Limitations of Using Identical Distributions for Training and Testing When Learning Boolean Functions
Jordi Pérez-Guijarro
TL;DR
The paper investigates whether training on the identical distribution as the test set is always optimal when learners can be optimally adapted, focusing on learning Boolean functions. It builds a PAC-like framework with efficient evaluation, introducing sufficiently informative training distributions and complexity classes HeurBPP/samp(D) and HeurP/poly. The main result shows that, assuming one-way functions, there exist concept classes where training on the test distribution is not always best, even with optimal learner adaptation, and this extends to efficiently samplable distributions. However, for regular concept classes and the uniform distribution, these counterexamples disappear, reinstating the conventional view that distribution matching is sufficient in that setting.
Abstract
When the distributions of the training and test data do not coincide, the problem of understanding generalization becomes considerably more complex, prompting a variety of questions.
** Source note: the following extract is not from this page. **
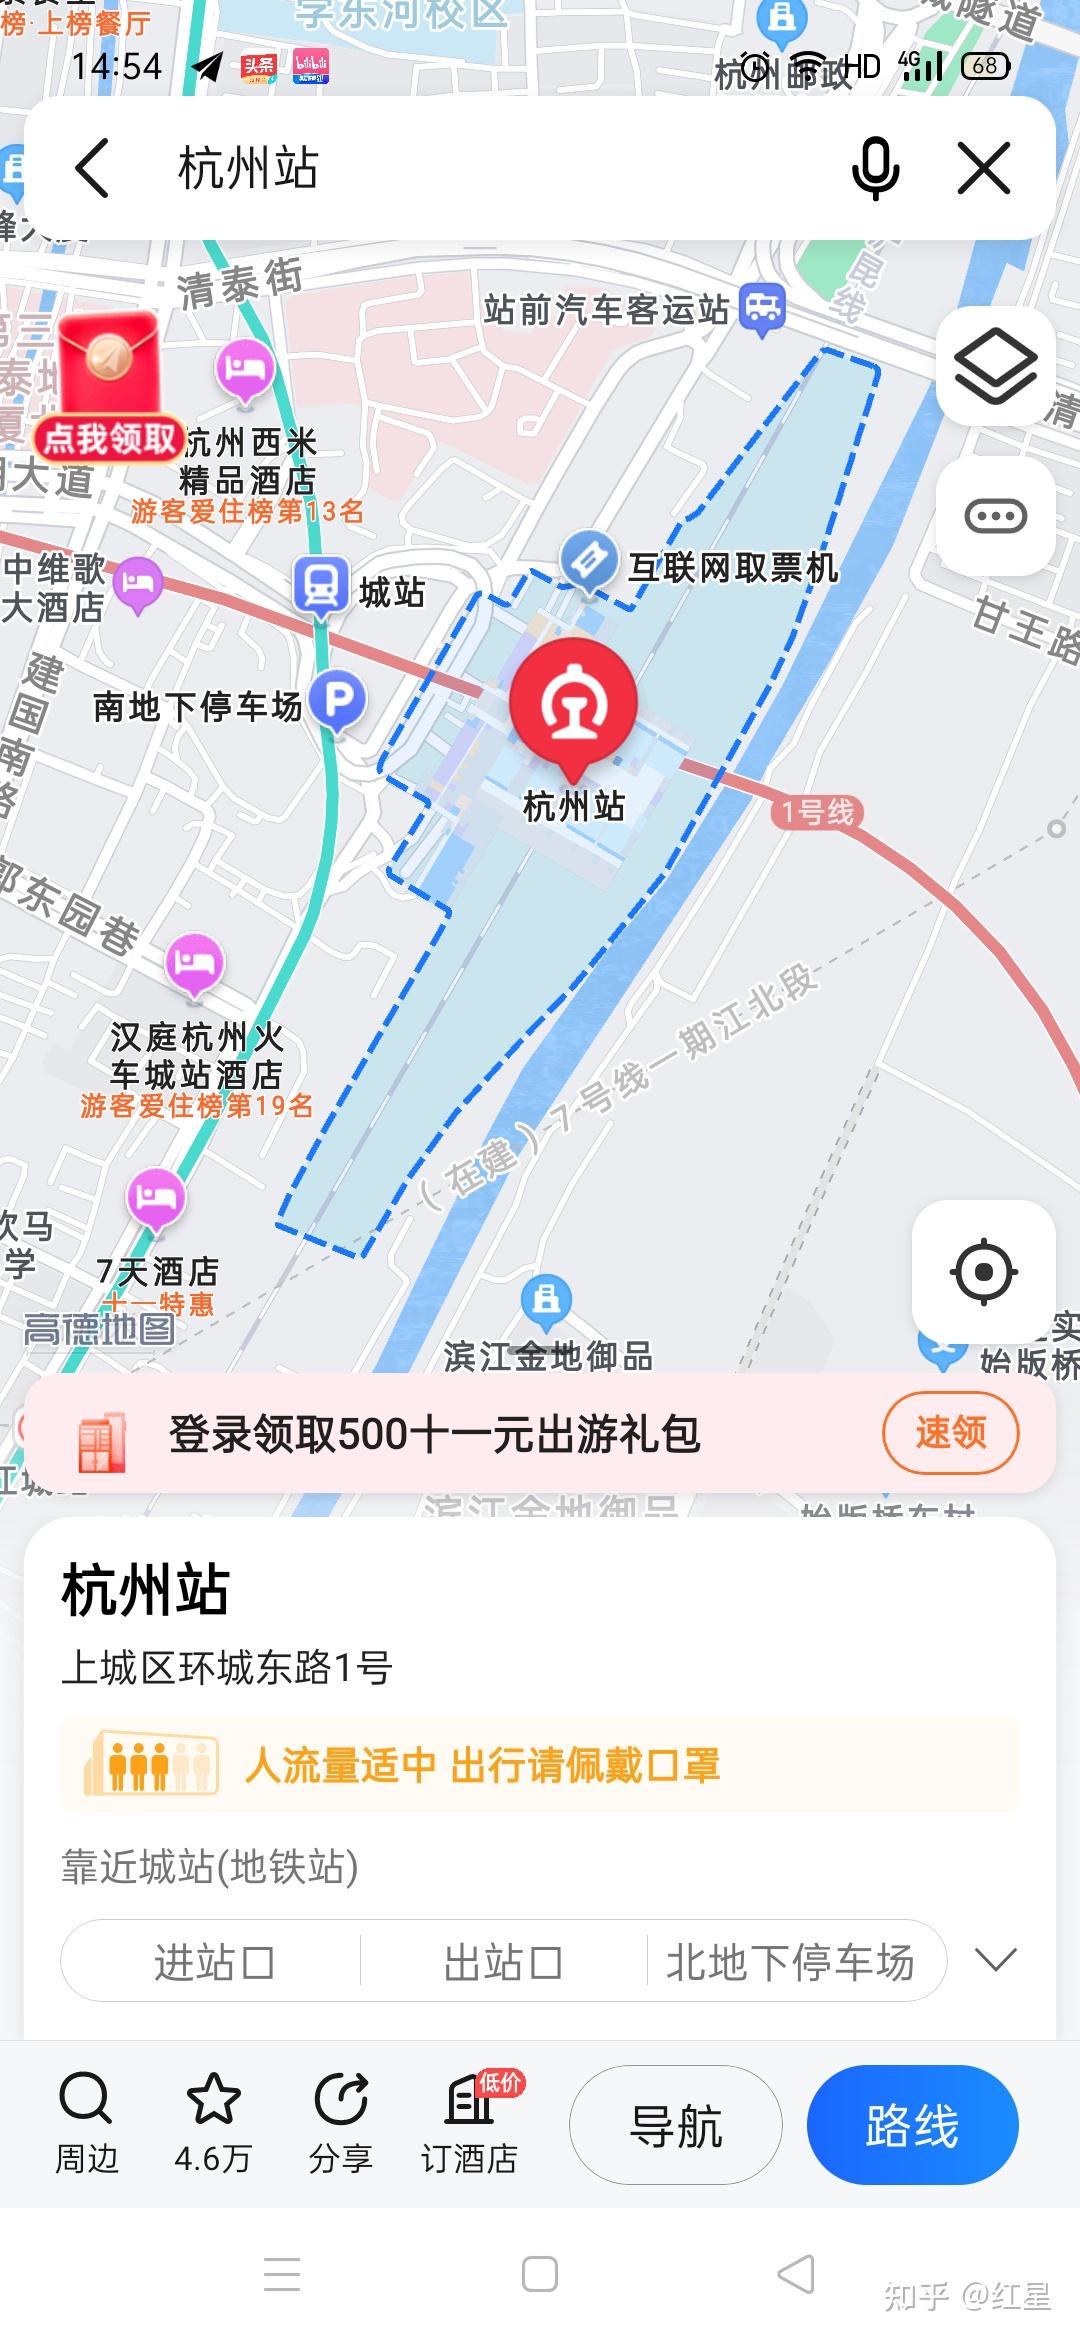 杭州火车站是哪个和城站是一个吗导航的话导城站还是杭州火车站

Prior work has shown that, for some fixed learning methods, there are scenarios where training on a distribution different from the test distribution improves generalization. However, these results do not account for the possibility of choosing, for each training distribution, the optimal learning algorithm, leaving open whether the observed benefits stem from the mismatch itself or from suboptimality of the learner. In this work, we address this question in full generality. That is, we study whether it is always optimal for the training distribution to be identical to the test distribution when the learner is allowed to be optimally adapted to the training distribution. Surprisingly, assuming the existence of one-way functions, we find that the answer is no. That is, matching distributions is not always the best scenario. Nonetheless, we also show that when certain regularities are imposed on the target functions, the standard conclusion is recovered in the case of the uniform distribution.